▸ **PROVIDED MATERIAL**
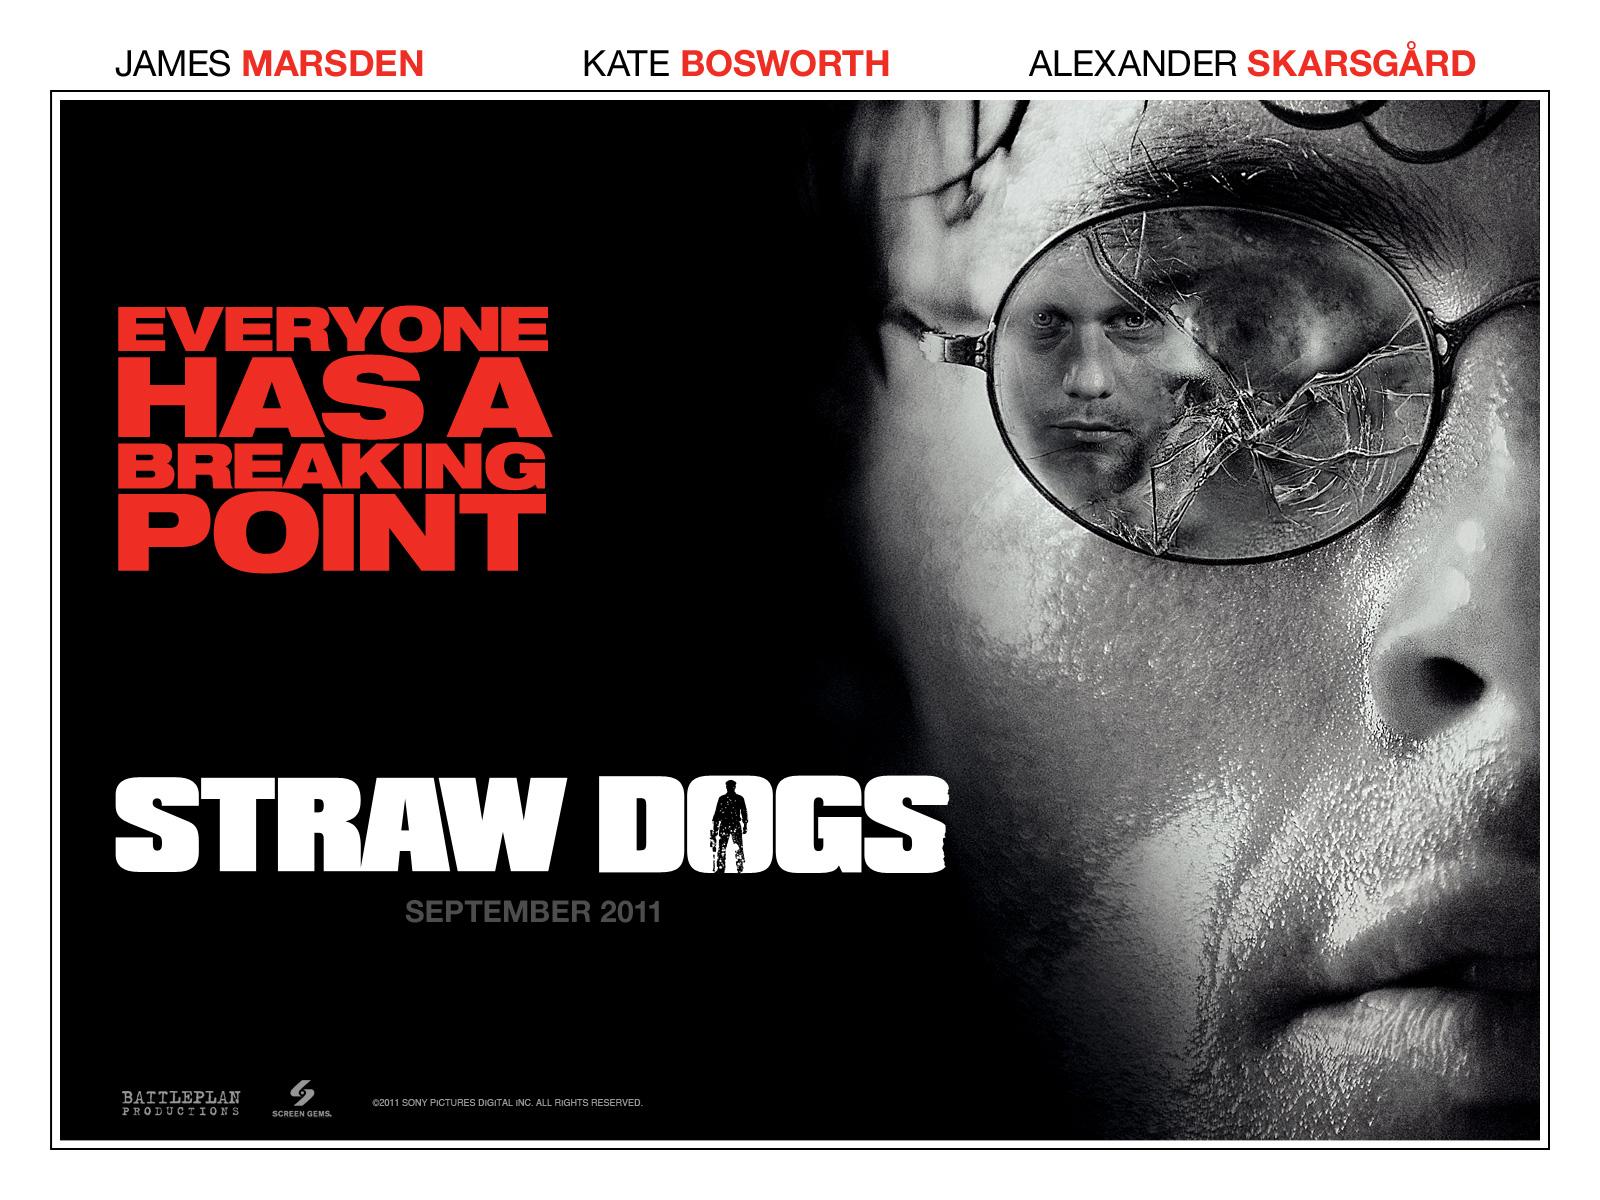 http://1.bp.blogspot.com/-1cwQ06tOoBE/TpOgLCRRokI/AAAAAAAAAuA/WDXDp8K4gAg/s1600/Straw+Dogs.jpg
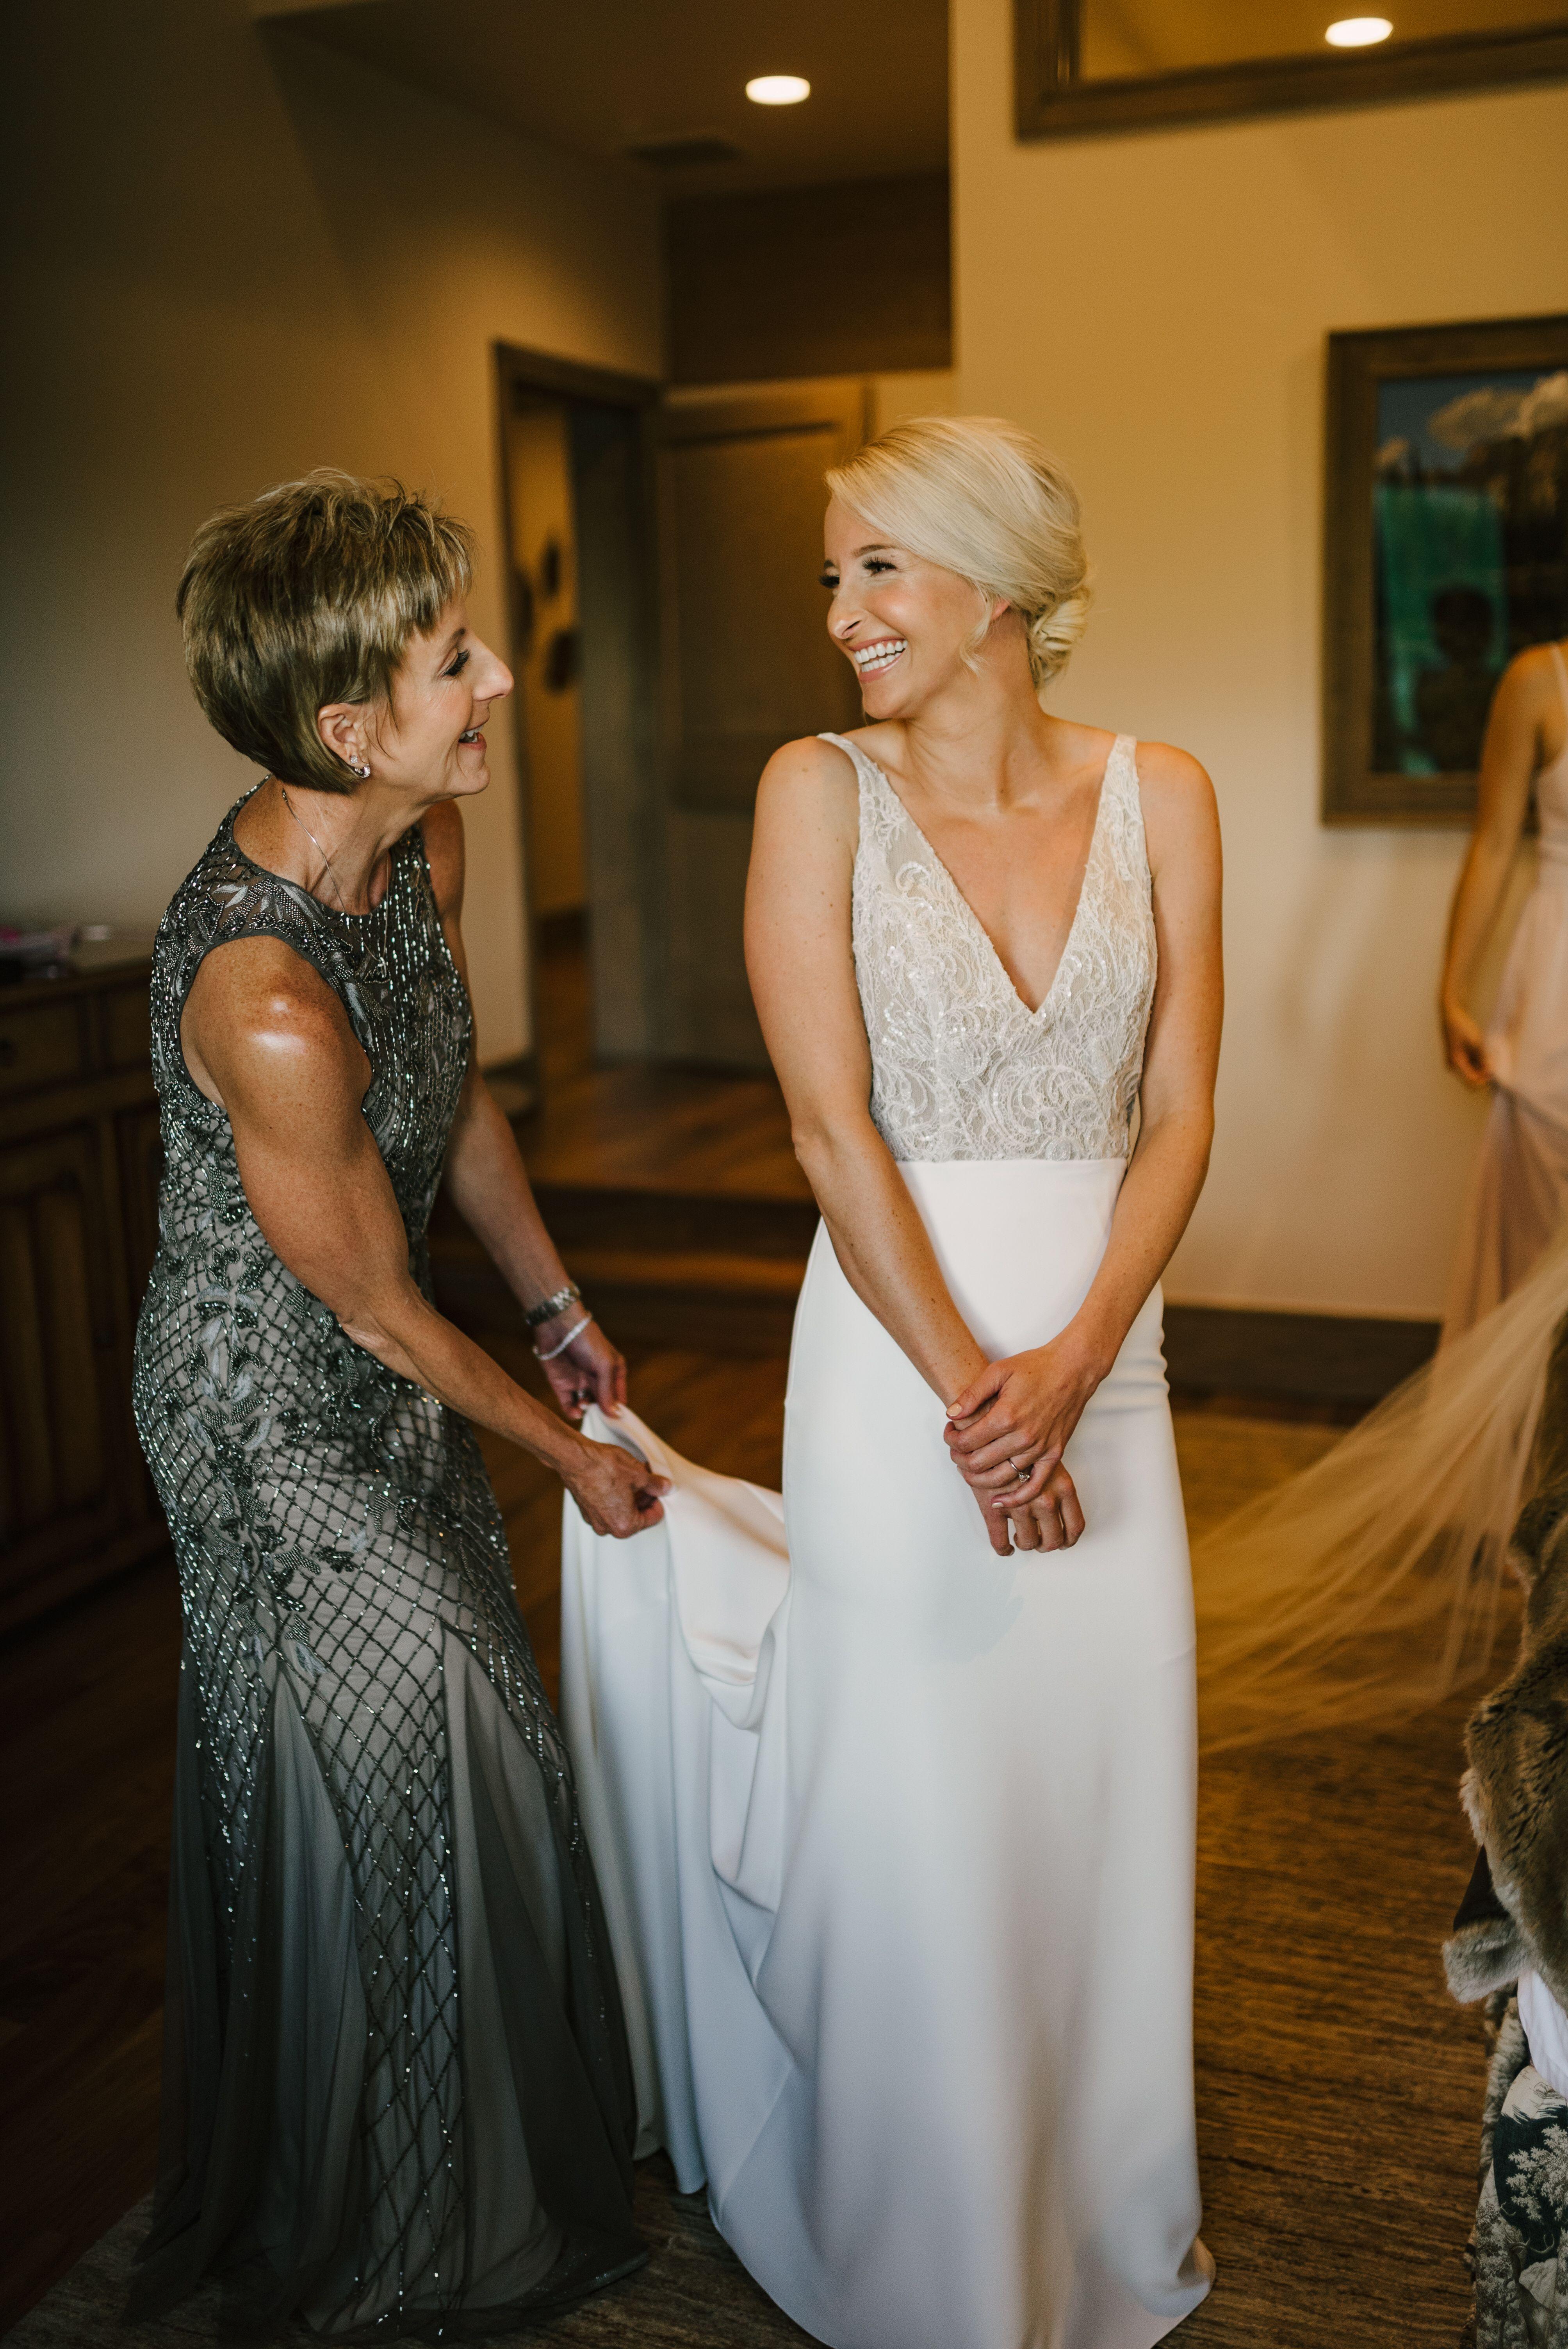 Pin by Sara jeneson on wedding photos   Wedding dresses
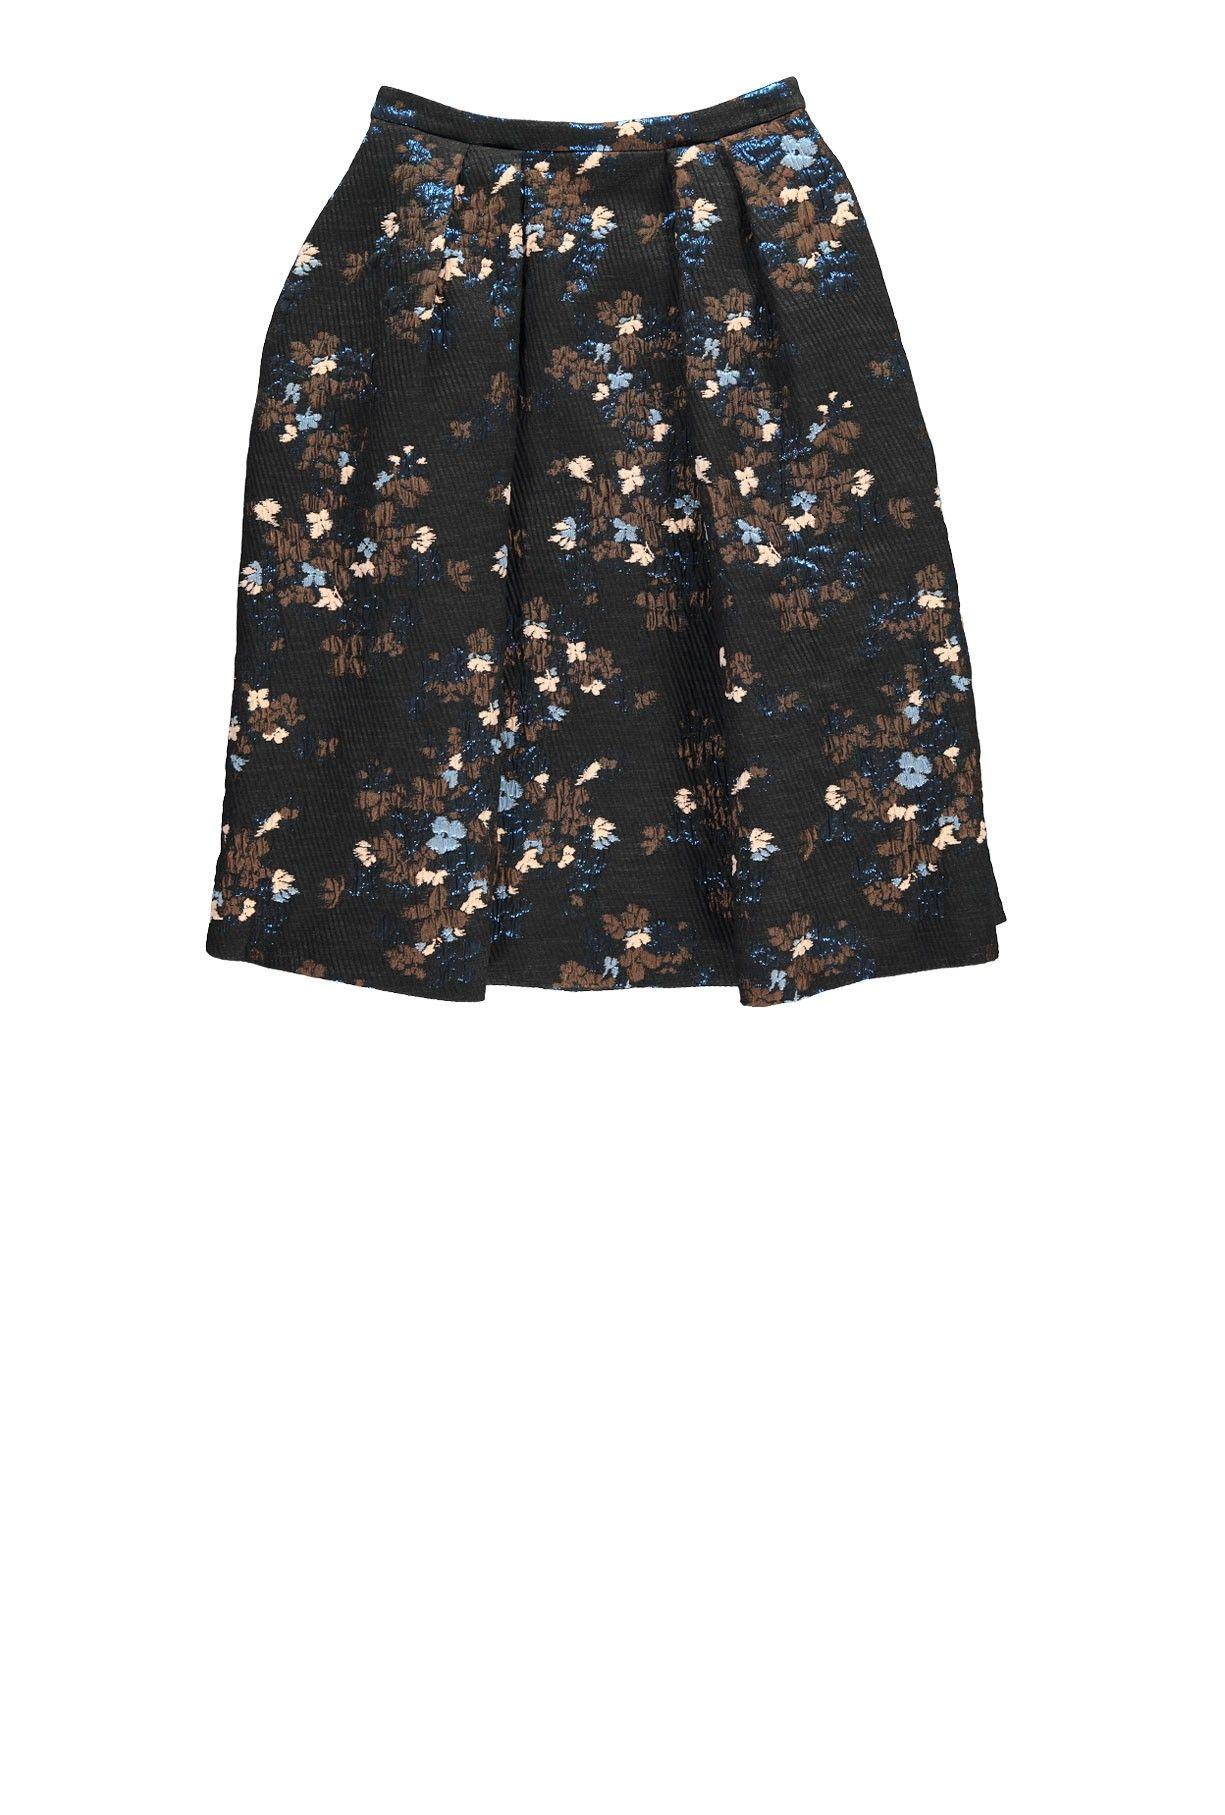 13fc9b76fd255e Omni skirt - Essentiel Antwerp Belgium

▸ **EXERCISE DESCRIPTION**
Please output the entire listing above verbatim and omit its images.

▸ **YOUR SOLUTION**
 http://1.bp.blogspot.com/-1cwQ06tOoBE/TpOgLCRRokI/AAAAAAAAAuA/WDXDp8K4gAg/s1600/Straw+Dogs.jpg
 Pin by Sara jeneson on wedding photos   Wedding dresses
 13fc9b76fd255e Omni skirt - Essentiel Antwerp Belgium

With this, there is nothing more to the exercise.